Activity
Transcribe exactly the lines from the one containing "Check Print Chest" through the end of the data, both included. Leave out pictures.

Information supplied
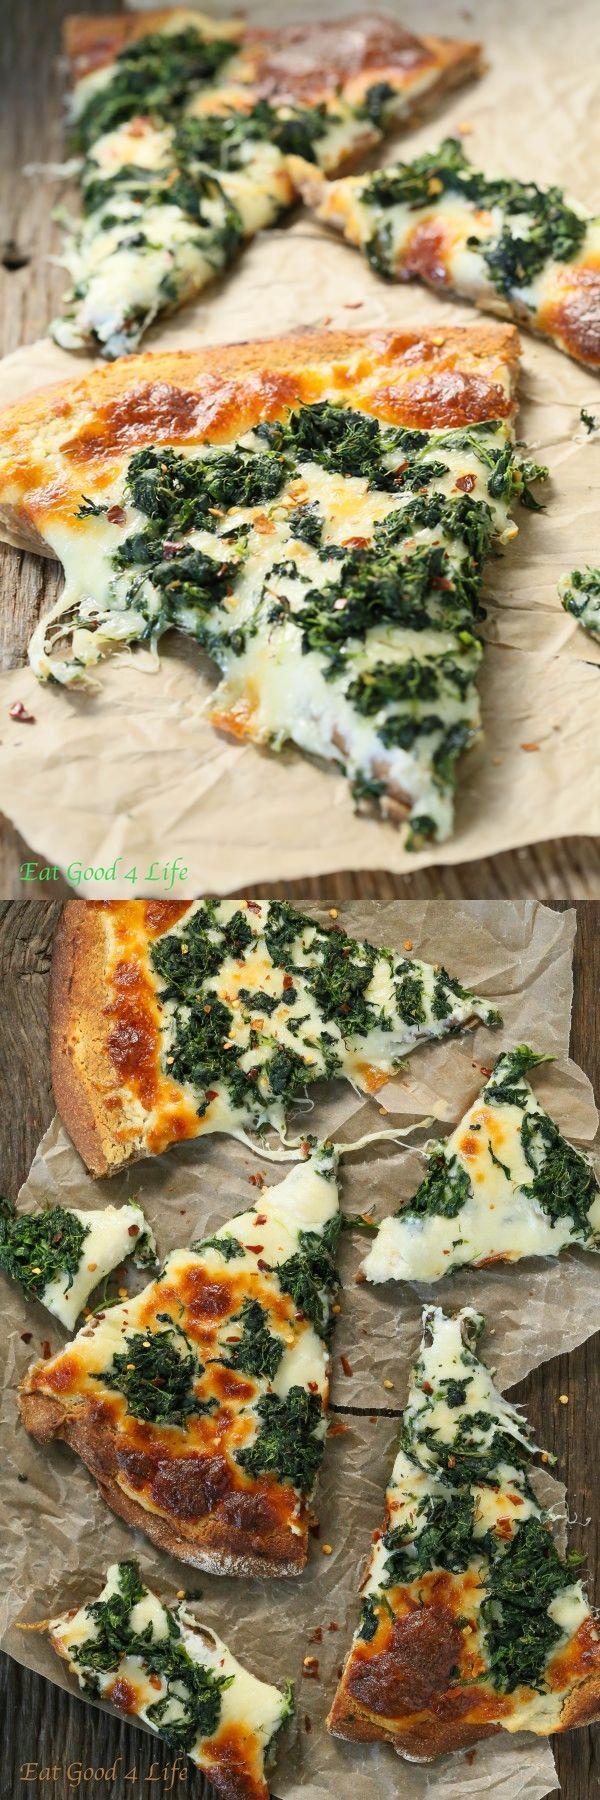 4 heads Garlic. 1 Pepper flakes. 2 Pizza dough, whole wheat. 4 tsp Olive oil. 32 oz Mozzarella cheese, part skim. 16 oz Ricotta cheese. 20 oz Cascadian farm frozen spinach, thawed and liquid squeezed.
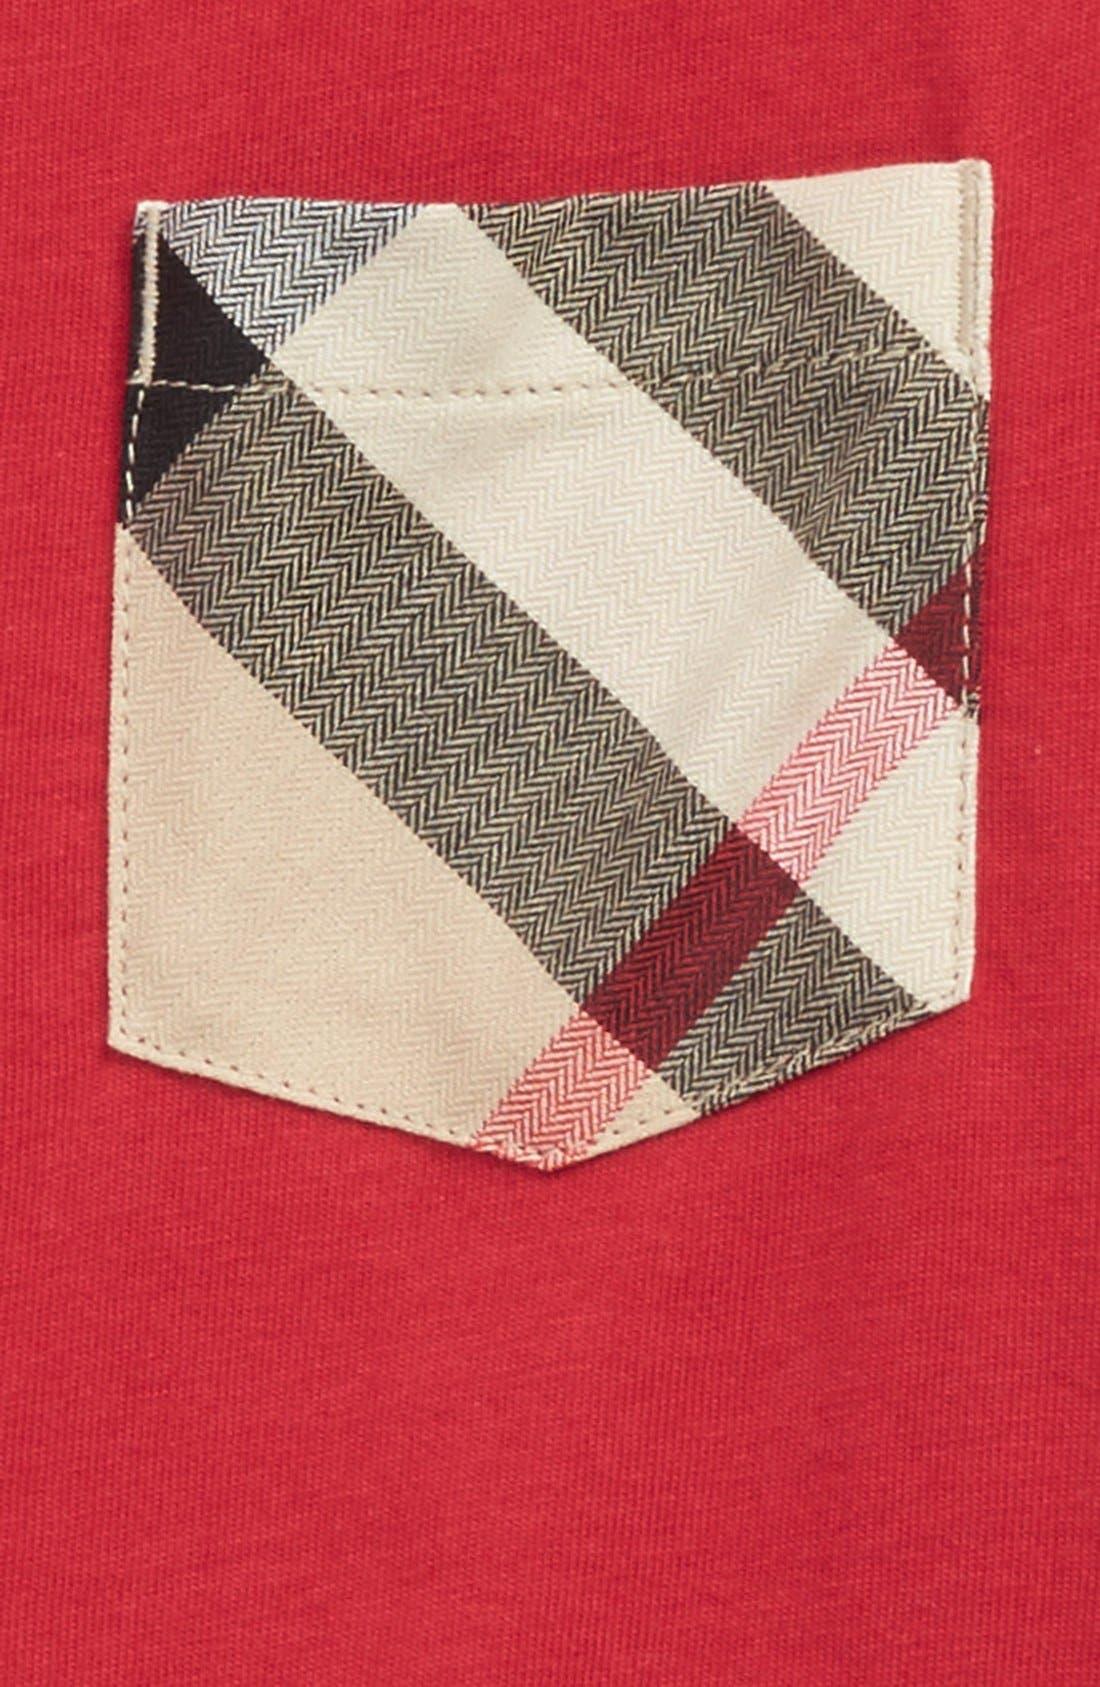 'Callum' Check Print Chest Pocket T-Shirt,                             Alternate thumbnail 2, color,
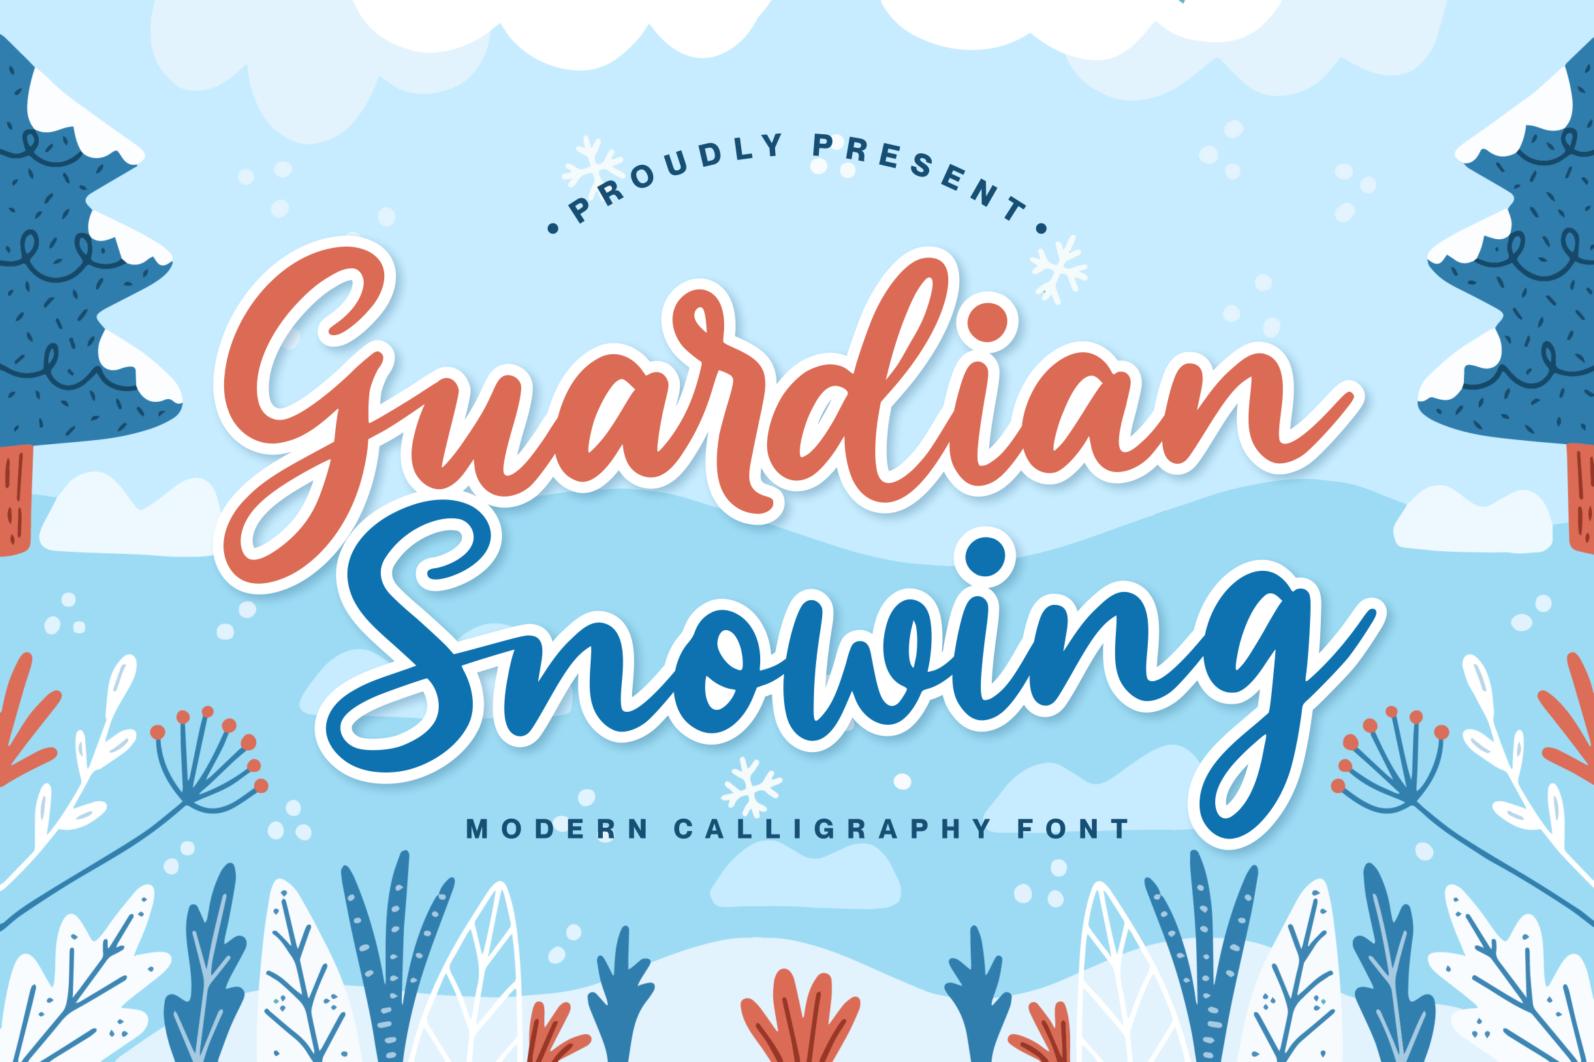 Guardian Snowing - 1 55 -

Finished exercise
 'Callum' Check Print Chest Pocket T-Shirt,                             Alternate thumbnail 2, color,
 Guardian Snowing - 1 55 -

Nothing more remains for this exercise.